» **EXERCISE INSTRUCTIONS**: Retype the listing below line for line, but only from the line with "Boxeri gri din" down to the line with "Sample Letter For", inclusive. Pictures stay out.

» **INFORMATION PROVIDED**:
------------

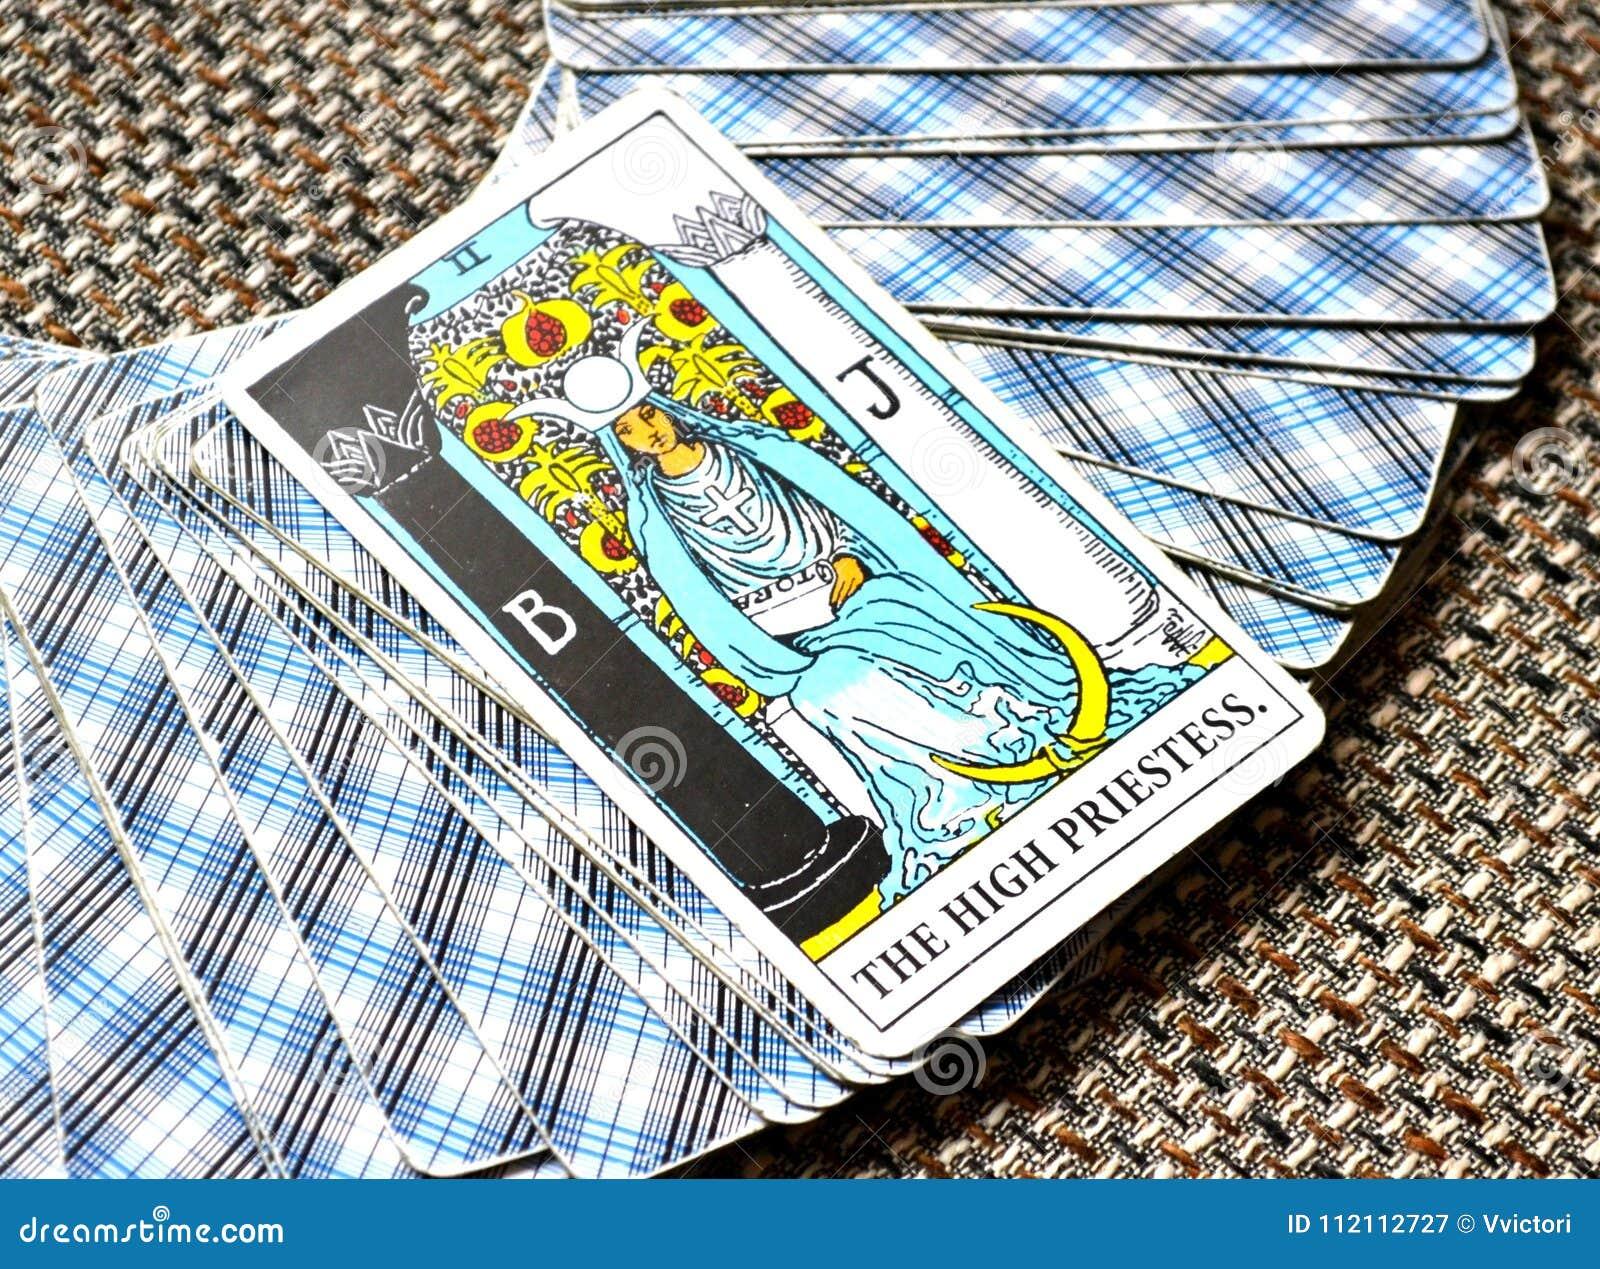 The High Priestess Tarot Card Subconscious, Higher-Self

------------

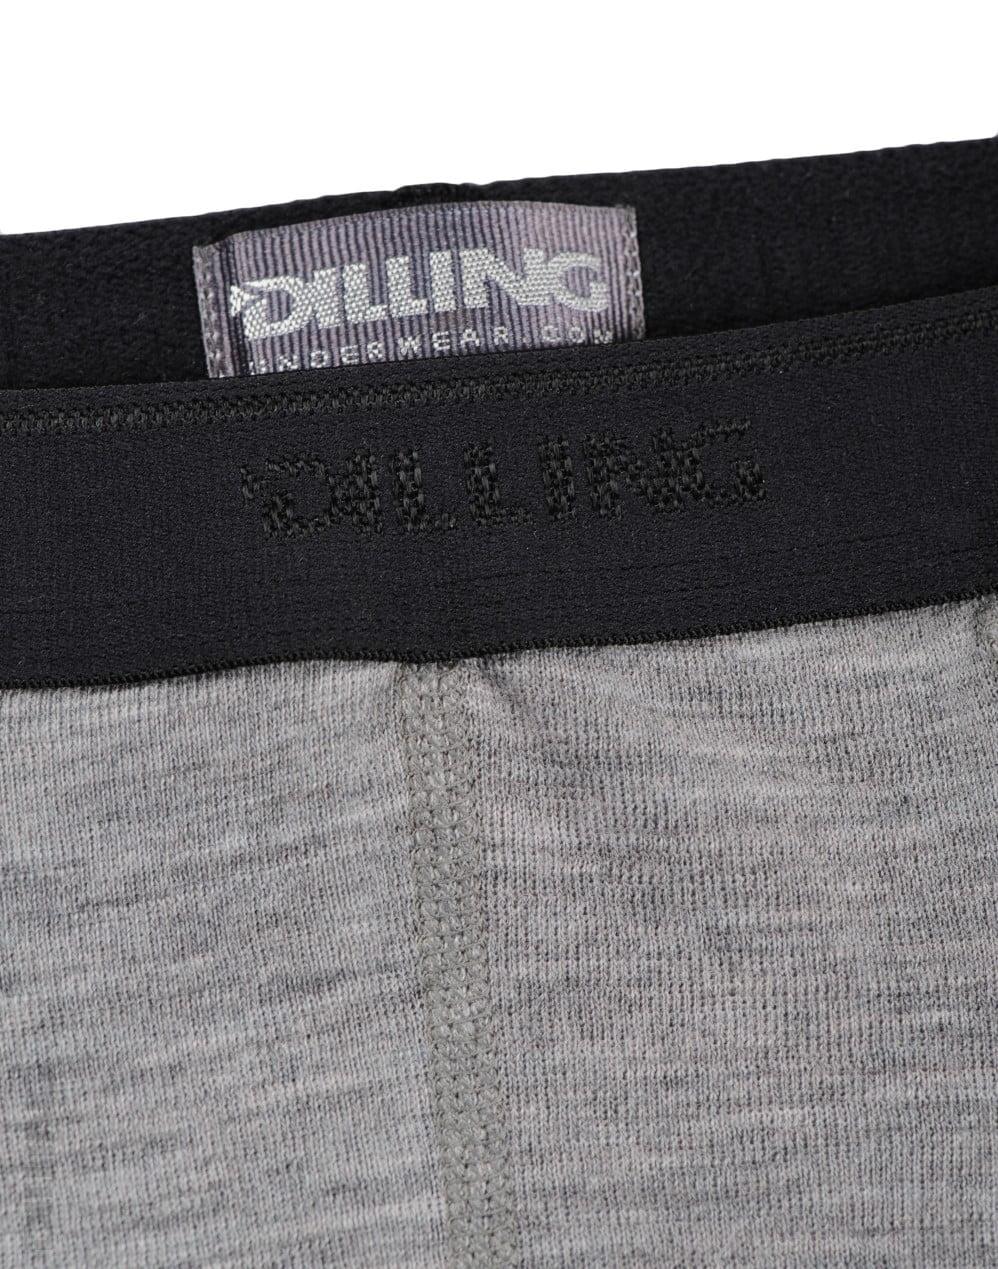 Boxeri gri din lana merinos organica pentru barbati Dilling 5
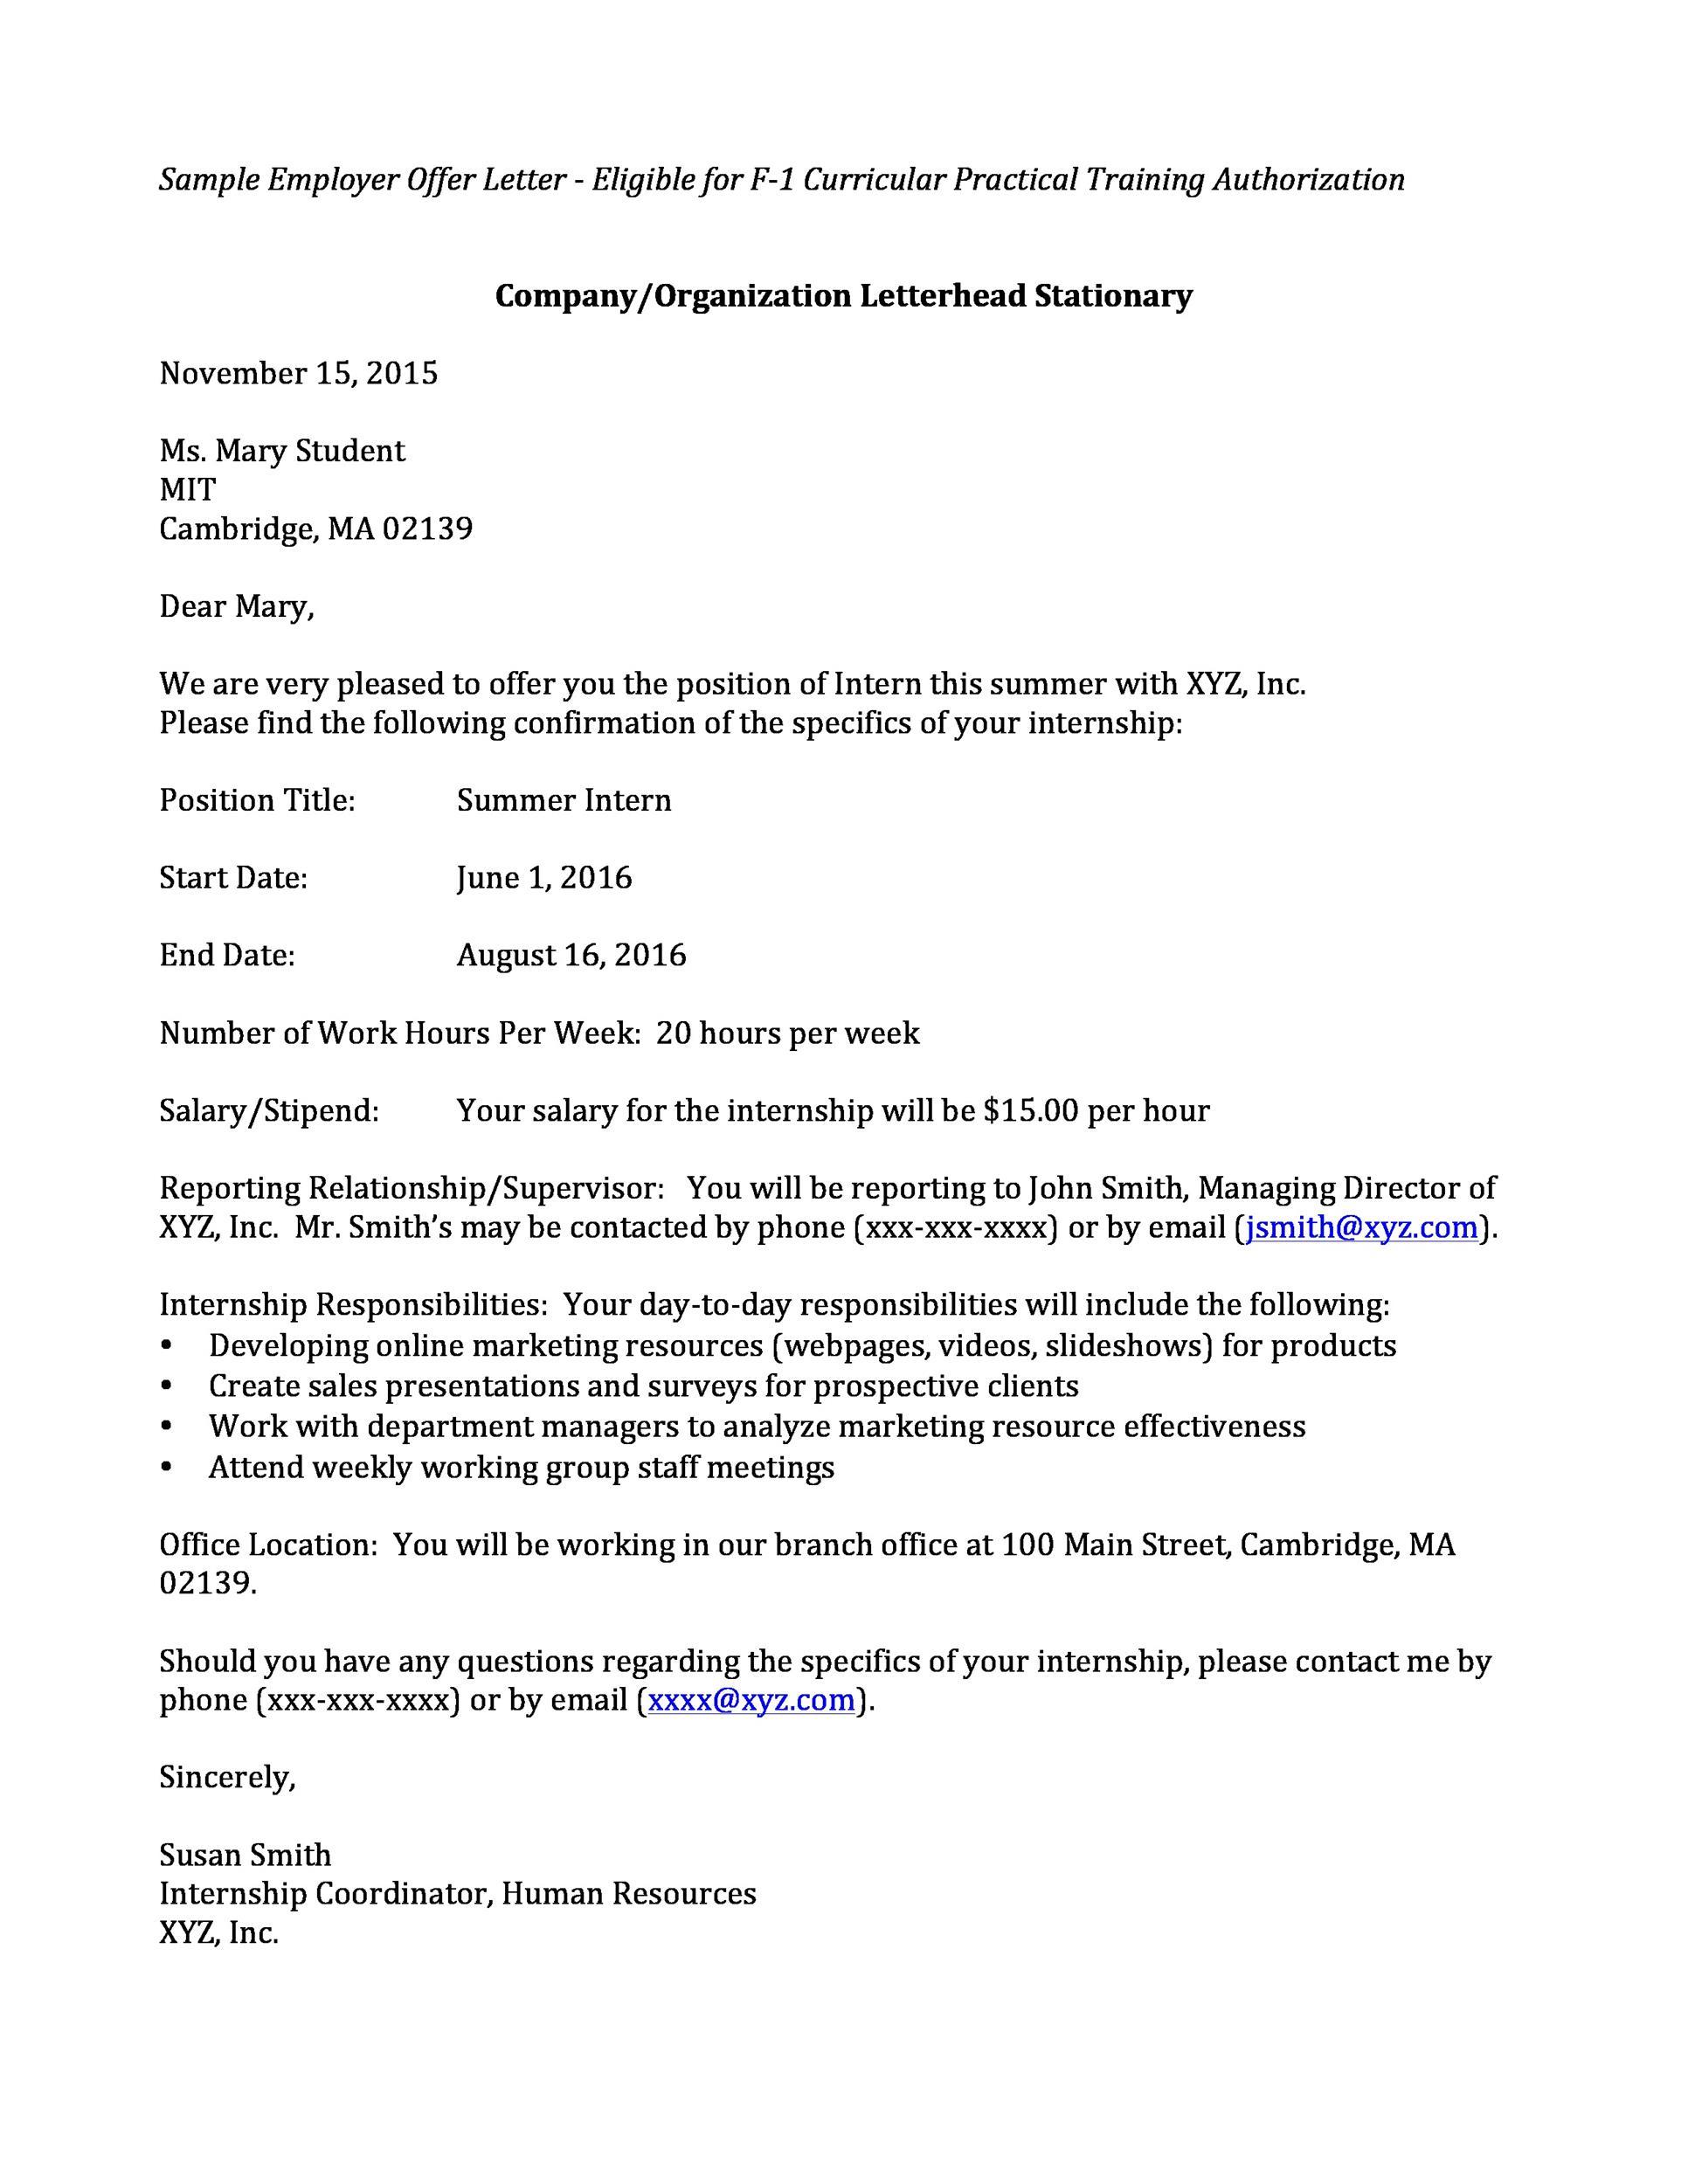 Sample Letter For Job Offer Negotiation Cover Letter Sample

------------

» **RESULT**:
 Boxeri gri din lana merinos organica pentru barbati Dilling 5
 Sample Letter For Job Offer Negotiation Cover Letter Sample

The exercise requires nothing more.